Company’s do not go out of business because they are making losses, they go out of business because they run out of money and do not have the cash to pay their bills.

The balance sheet is a simple tool to understand this, you have assets and liabilities, and at the end of the day, the balance sheet must balance!  And everything else moves together, like pulling levers… all other line items staying the same, if one asset increases then the other asset decreases. 

But if looking at an asset and a liability, if the asset increases then the liability increases too, and vice versa.  So, items in the same category (assets or liabilities) are like a seesaw, one goes up and the other goes down; while those in the opposite categories are like people in an elevator, they both go up or down together.

So why don’t losses result in company’s going bankrupt?

Don’t misunderstand me, I am not saying that losses are always ok, they are certainly a contributing factor to a company’s demise.  But they are not the complete reason. 

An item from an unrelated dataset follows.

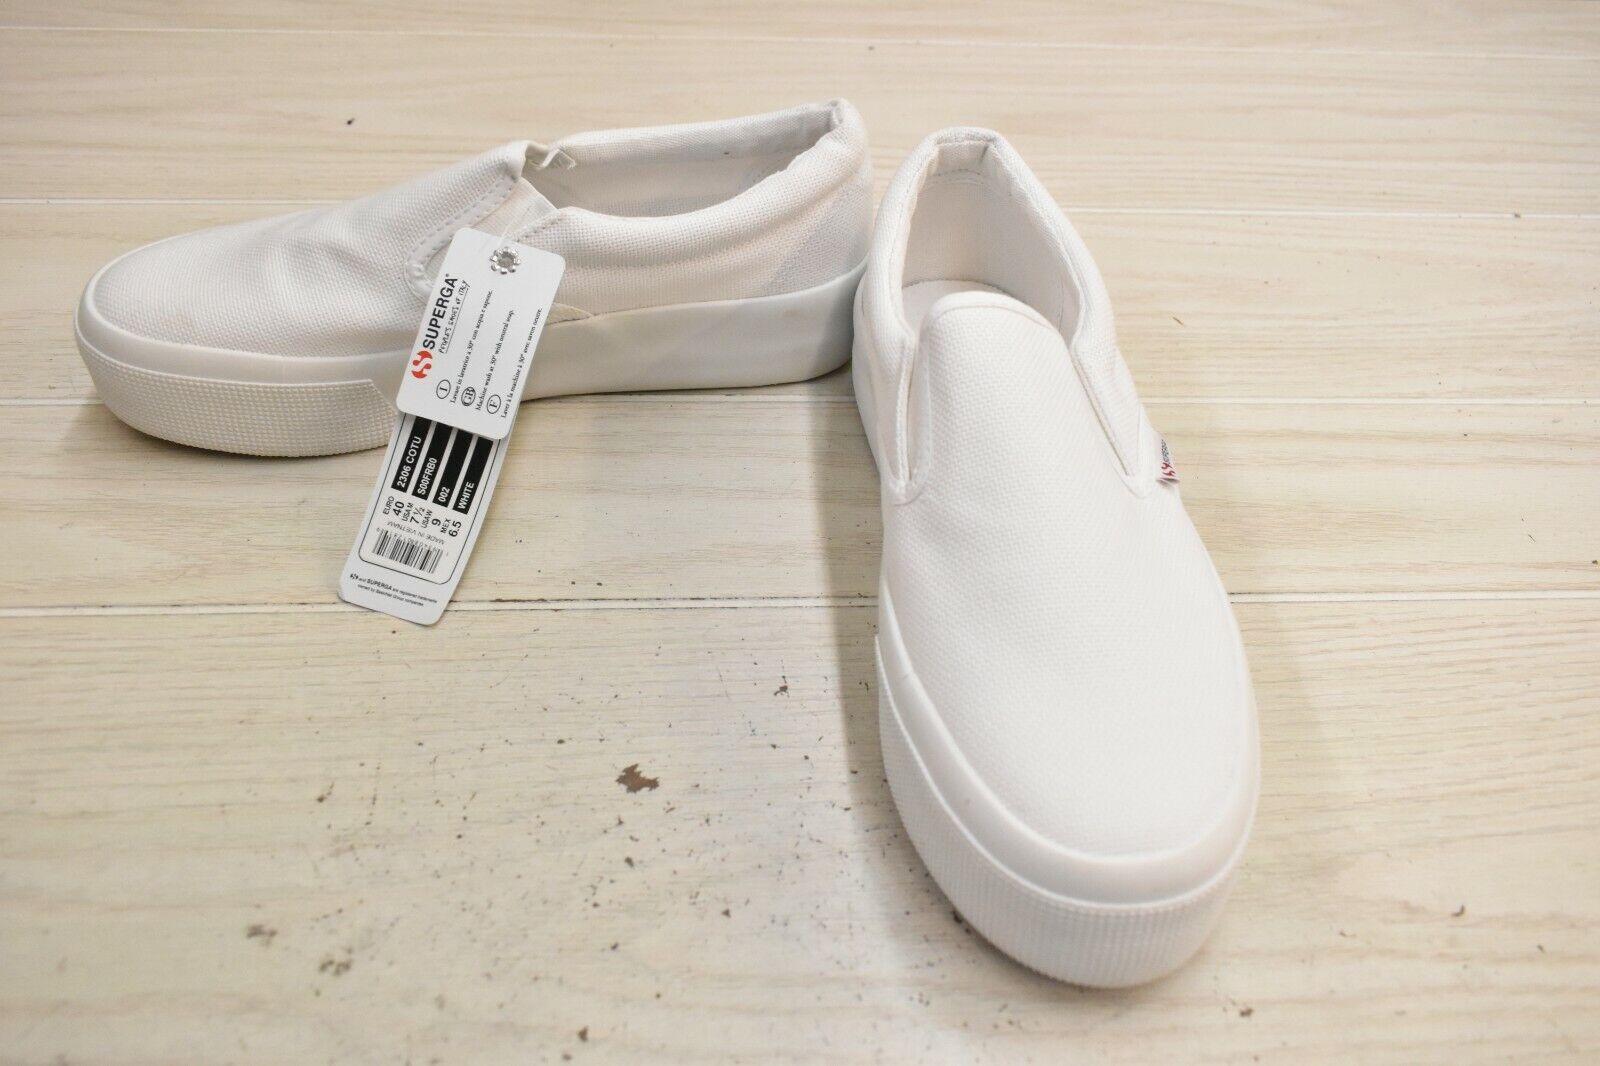 Superga 2306 COTU Slip On Sneaker, Women's 9 / Men's 7.5 / EU 40, White NEW

Loss making can also be a strategy – we hear of many companies, who are running at a loss each year but are creating value.  Think of an internet startup, or a new invention or drug, they may not have any sales for years but have to pay for their staff, and rent, and other costs – losing money each month. 

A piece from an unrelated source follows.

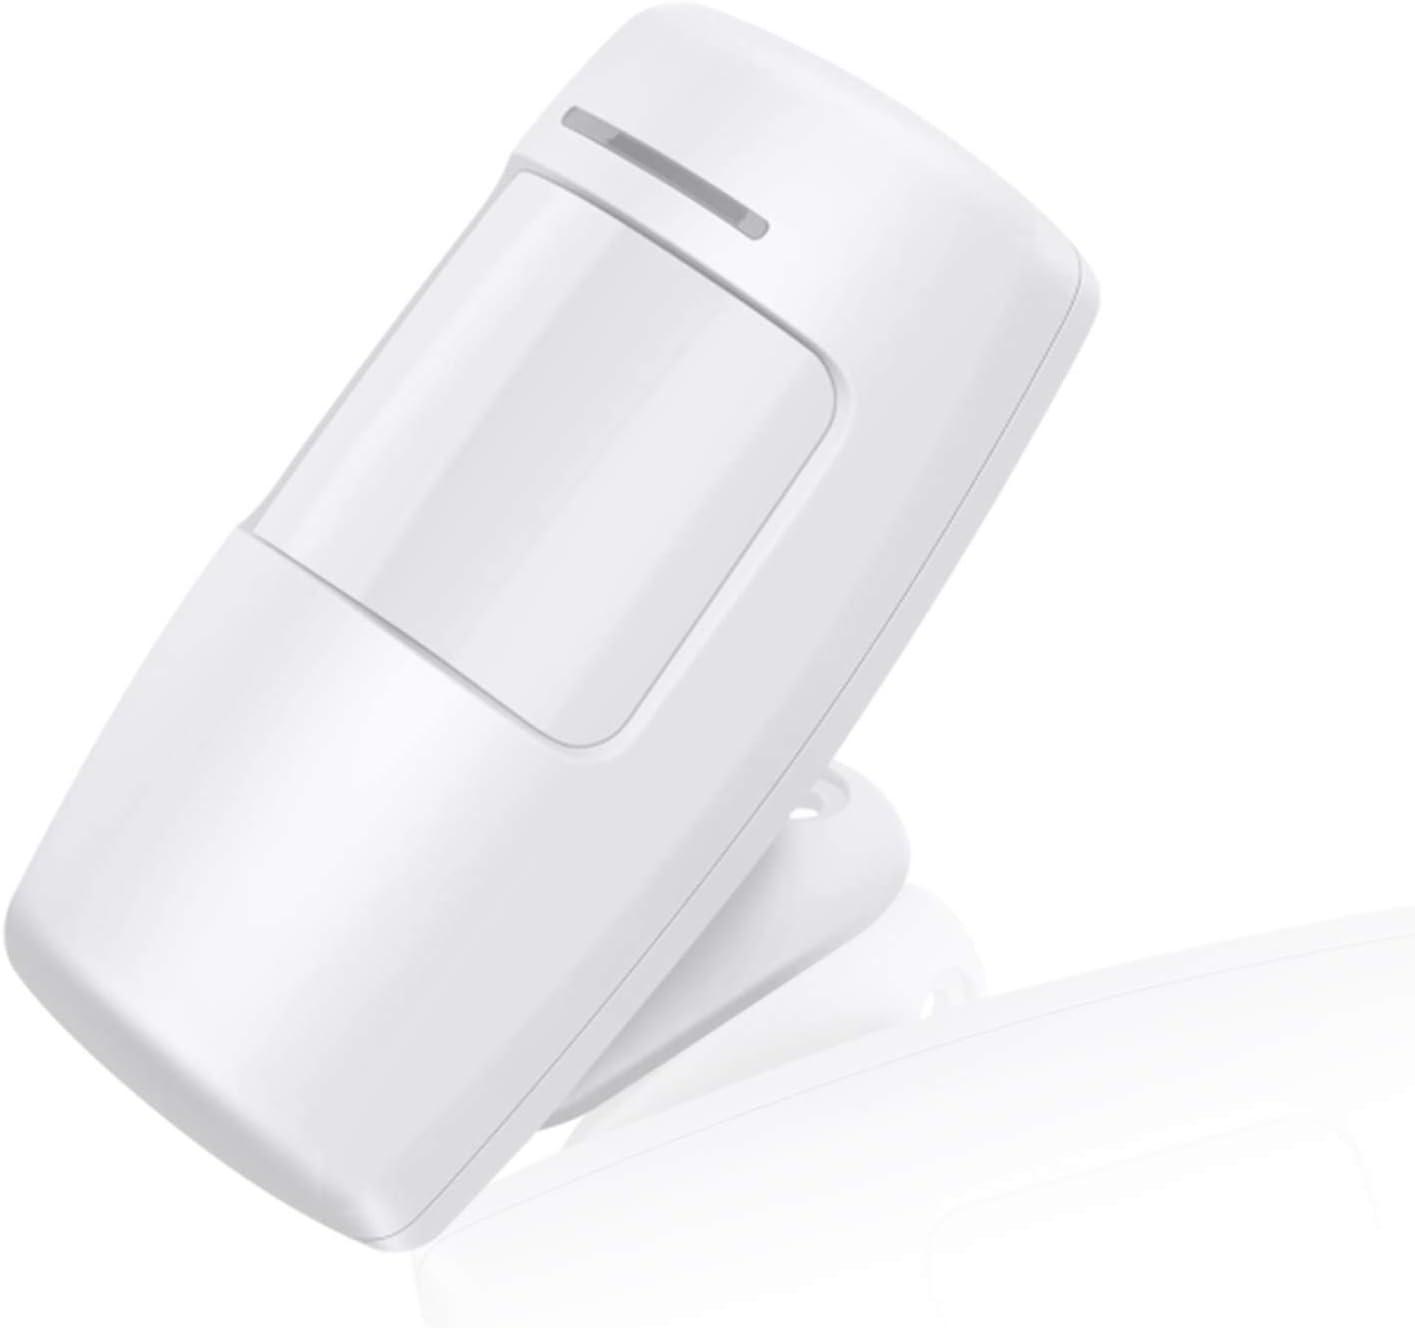 tolviviov Motion Sensor - Compatible with tolviviov Home Alarm System-HUB Needed

But they use the balance sheet to be able to fund their losses, and create value through bringing the drug or invention to market, or by growing their customers until they are profitable, or by becoming valuable to another company to purchase, such as having millions of users or an attractive technology.

So, if your business is making losses, how do you stay in business.  Well, it’s all about…

…Balancing that Balance Sheet

But where to start?  I like to look at the movement in the retained profit, which is essentially your profit or loss for that period, so it shows me how much the burn is.  If you are a startup burning cash each month (losses), then the losses will result in either your assets going down or your liabilities going up.

Assets going down could mean your bank balance decreasing or going into overdraft, but if you don’t have an overdraft from the bank or funds to cover it, then it could be a decrease in your receivables - people pay you quicker. 

Or a decrease in inventory, because you were able to sell something already purchased or made. 

Or a decrease in fixed assets, because you sold your car or computer or truck. 

But these are short term solutions; you don’t have lots of trucks to sell, and can’t keep getting your customers to pay quicker, if you have any.  So, your liabilities will generally increase.

The Good, The Bad And The Ugly (Increases)

Now, strategically, we want good increases.  Good increases are planned and agreed increases in liabilities.  Examples would be getting a bank loan, taking out a credit card, or lending money yourself to the company. 

These are agreed with the lender first, and you will have to have the ability to repay on the terms of the loan.  Short-term ‘good increases’ could also be agreeing with your vendors to increase the number of days they give you credit for, and essentially, they are helping to fund your business; or factoring your invoices. 

However, it’s an agreed increase in creditor terms or factoring, and is a one-off benefit for the month you move from shorter credit to longer.  Or if you are a growing business, you will get one big benefit and then smaller increases as your trade creditors or factoring increase with growth.

Bad increases would be not paying your staff, stretching your suppliers (without agreement), or not repaying loans on time – technically, the last is not an increase in a liability, but it’s one staying the same that should’ve gone down.

And ugly increases?  Well, they’re just bad increases that have gone on for a long time, and without communication from you, with your phone off and your email silent, an ostrich with its head in the sand, hoping things will get better or go away. 

Ugly increases are the ones that hamper your business, and will kill it – eventually your staff will leave, and your creditors will put your deliveries on hold, cut off your electricity, change the locks on your office, or call in their bank loan.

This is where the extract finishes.